Historically yes - uppercases came first. Even when lower cases showed up, the combination key sequence to get the lowercases working was harder so that took more time to catchup
This is a Google Colab notebook (that works in Jupyter too). The notebook can connect to live data sources (e.g. Kafka) and you can do analysis. You could do a CSV replay if you have timestamped data entries
Jan, can you explain briefly how the deduplicator checks if the new answer is significantly different? Is there code in the repository we can take a look at?

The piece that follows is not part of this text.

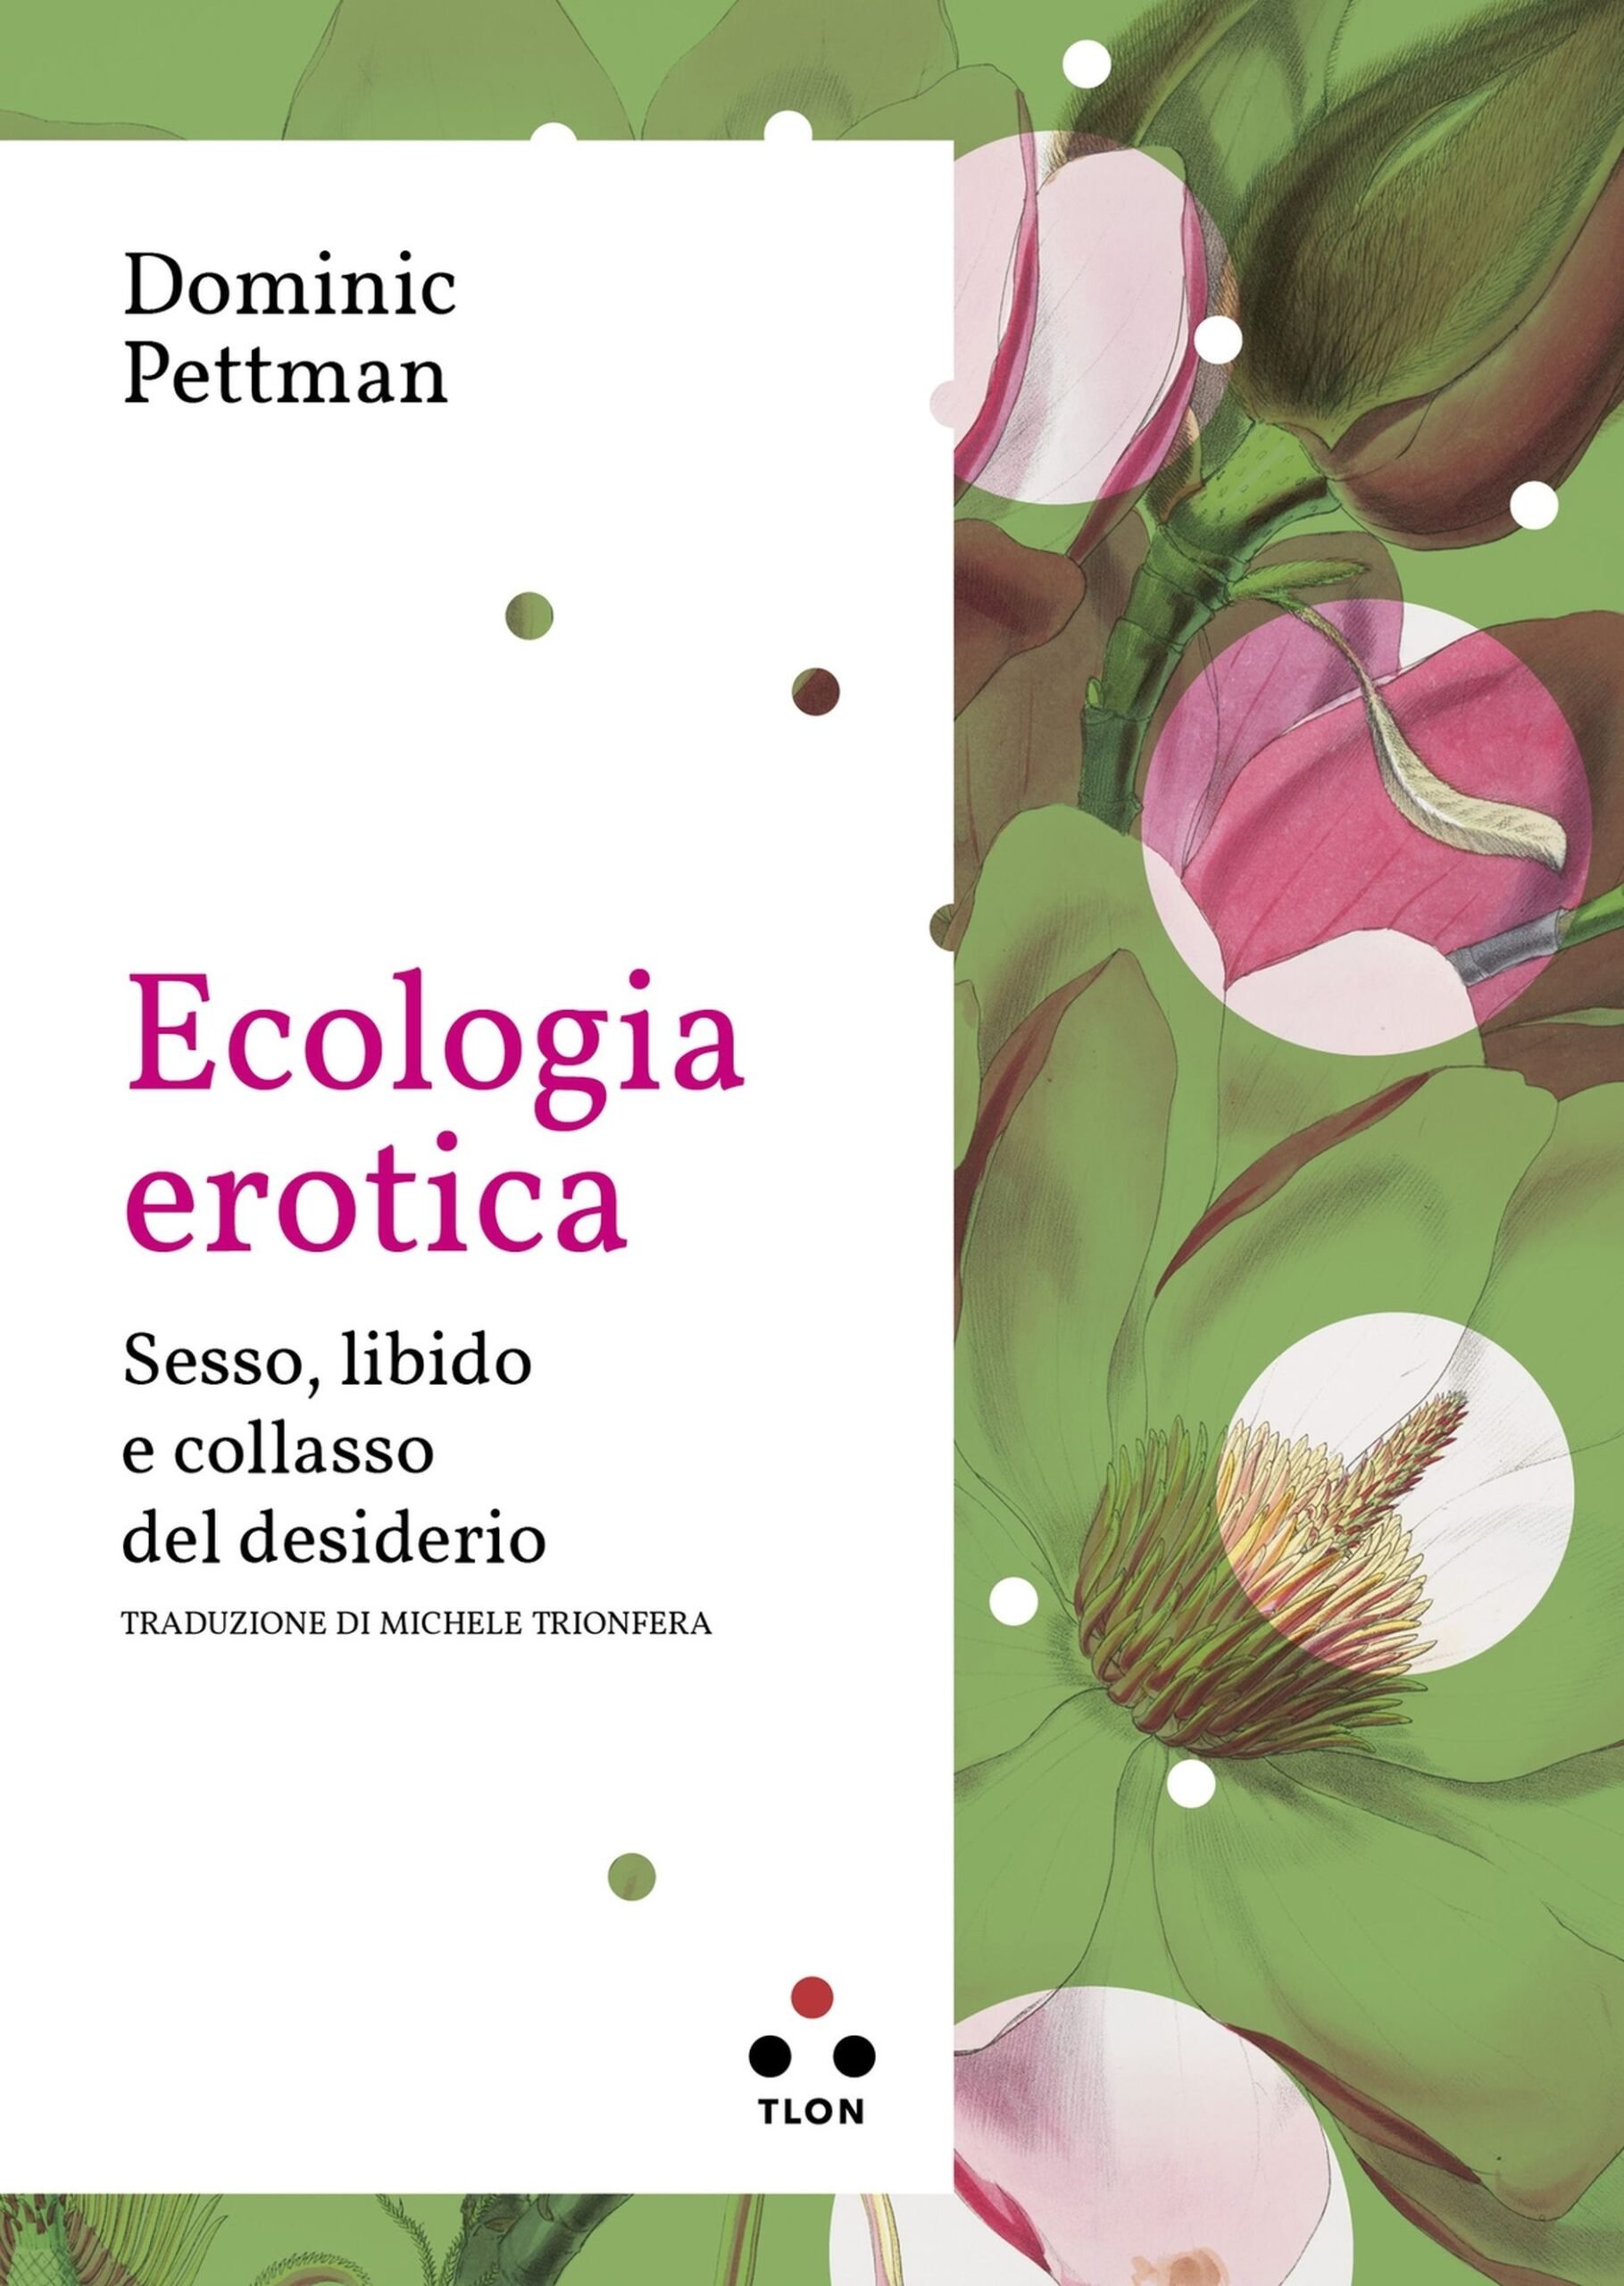 Dominic Pettman, Ecologia erotica, copertina

Sure: when a new response is produced because some source documents have changed we ask an LLM to compare the responses and tell if they are significantly different. Even a simplistic prompt, like the one used in the example would do:
Are the two following responses deviating?
Answer with Yes or No.
First response: "{old}"
Second response: "{new}"
That's a good idea, the deduplication criterion is easy to change, using an llm is faster to get started, but after a while a corpus of decisions is created and can be used to either select another mechanism, or e.g. train one on top of bert embeddings.
I feel that there are too many moving pieces here especially for prototyping. There was a much more simpler app recently I took a look at on a recent hackernews post : https://news.ycombinator.com/item?id=36894142
They still have work to do with different connectors (e.g. PDF etc) but the realtime simple document pipeline is what helps a lot.